* _Task goal_
Please set the lines down again exactly, from the top of the entries through the line that contains "babe' volwassene shirt".

+++ Exercise data

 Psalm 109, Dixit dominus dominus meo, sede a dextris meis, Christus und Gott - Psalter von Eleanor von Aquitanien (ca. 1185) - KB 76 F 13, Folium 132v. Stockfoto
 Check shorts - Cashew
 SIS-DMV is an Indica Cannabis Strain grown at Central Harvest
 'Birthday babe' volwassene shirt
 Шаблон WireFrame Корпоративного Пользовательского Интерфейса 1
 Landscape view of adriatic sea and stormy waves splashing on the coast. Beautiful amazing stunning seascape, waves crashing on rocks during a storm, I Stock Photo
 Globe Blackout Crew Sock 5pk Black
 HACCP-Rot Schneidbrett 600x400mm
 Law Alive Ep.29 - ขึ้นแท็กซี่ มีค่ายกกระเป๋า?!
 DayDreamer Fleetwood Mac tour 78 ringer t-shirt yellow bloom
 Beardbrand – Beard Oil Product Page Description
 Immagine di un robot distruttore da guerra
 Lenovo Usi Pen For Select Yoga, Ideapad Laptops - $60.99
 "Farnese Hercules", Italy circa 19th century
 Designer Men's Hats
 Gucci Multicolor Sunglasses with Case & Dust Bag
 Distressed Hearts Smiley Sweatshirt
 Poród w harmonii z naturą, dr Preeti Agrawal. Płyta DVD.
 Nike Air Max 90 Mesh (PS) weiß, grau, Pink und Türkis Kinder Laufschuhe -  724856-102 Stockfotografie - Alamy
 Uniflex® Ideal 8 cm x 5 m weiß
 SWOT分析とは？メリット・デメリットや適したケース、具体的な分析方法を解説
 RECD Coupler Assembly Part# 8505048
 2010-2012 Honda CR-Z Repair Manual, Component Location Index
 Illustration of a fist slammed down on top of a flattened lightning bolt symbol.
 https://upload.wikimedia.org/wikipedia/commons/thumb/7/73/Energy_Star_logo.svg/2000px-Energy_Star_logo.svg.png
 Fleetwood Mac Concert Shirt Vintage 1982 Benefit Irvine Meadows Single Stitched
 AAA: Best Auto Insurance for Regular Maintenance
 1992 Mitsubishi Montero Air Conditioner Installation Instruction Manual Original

++++++

* _Result of this task_
 Psalm 109, Dixit dominus dominus meo, sede a dextris meis, Christus und Gott - Psalter von Eleanor von Aquitanien (ca. 1185) - KB 76 F 13, Folium 132v. Stockfoto
 Check shorts - Cashew
 SIS-DMV is an Indica Cannabis Strain grown at Central Harvest
 'Birthday babe' volwassene shirt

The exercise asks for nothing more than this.